Potato-Faced Youngster Lauded For Memorizing Primitive 26-Character Alphabet

PHOENIX—Christopher Pierson, a glassy-eyed, slothful lump of a child who still watches cartoons despite being tall enough to reach a polymer-injection molding station, was endlessly praised Monday for recalling the scant 26 letters in the American alphabet.

Pierson reportedly rattled off the short series of guttural vowels and lumbering, artless consonants after 10 minutes of prompting, a feat that—judging from his overly indulgent teacher’s reaction—must rival the great triumph of launching a satellite into orbit. Though witnesses said the unremarkable 4-year-old may also have slurred the letters “L” through “O” into one continuous stream of nonsense, he somehow avoided immediate expulsion and reassignment to a rural millet farm.

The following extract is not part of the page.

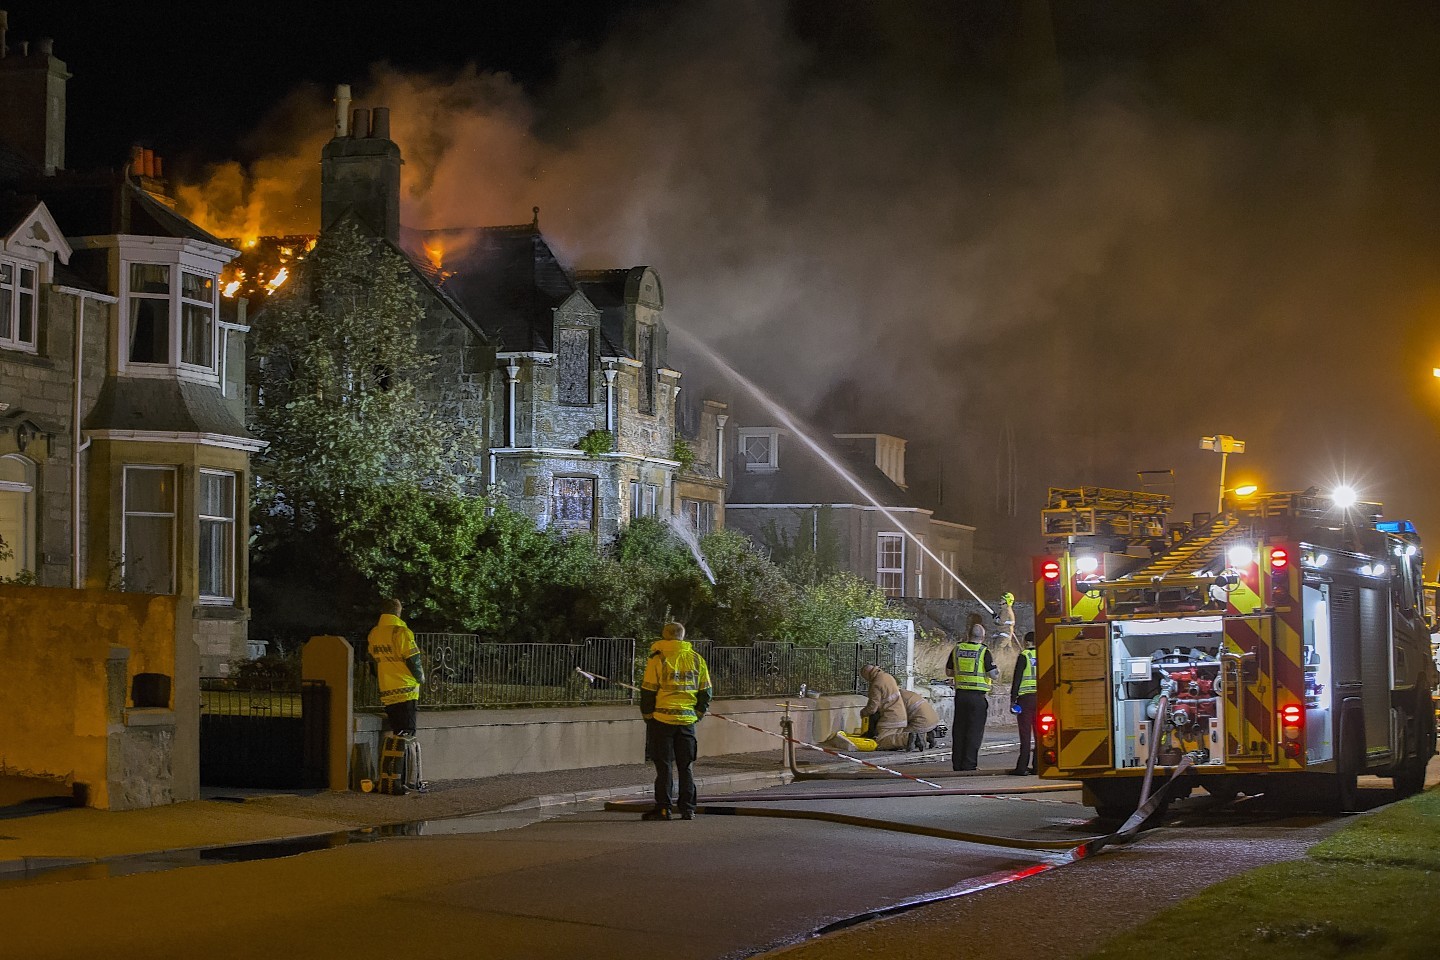 Firefighters are battling a "well-established" fire in Moray

“Good job, Christopher!” said teacher Heather Warner, lauding the child for his meager and wholly meritless accomplishment. “You can go play with your blocks now.”

Warner then gave the boy a star-shaped sticker, explaining that he had learned the unsophisticated system of characters containing no ideogrammic compounds or transformed cognates more quickly than she’d expected.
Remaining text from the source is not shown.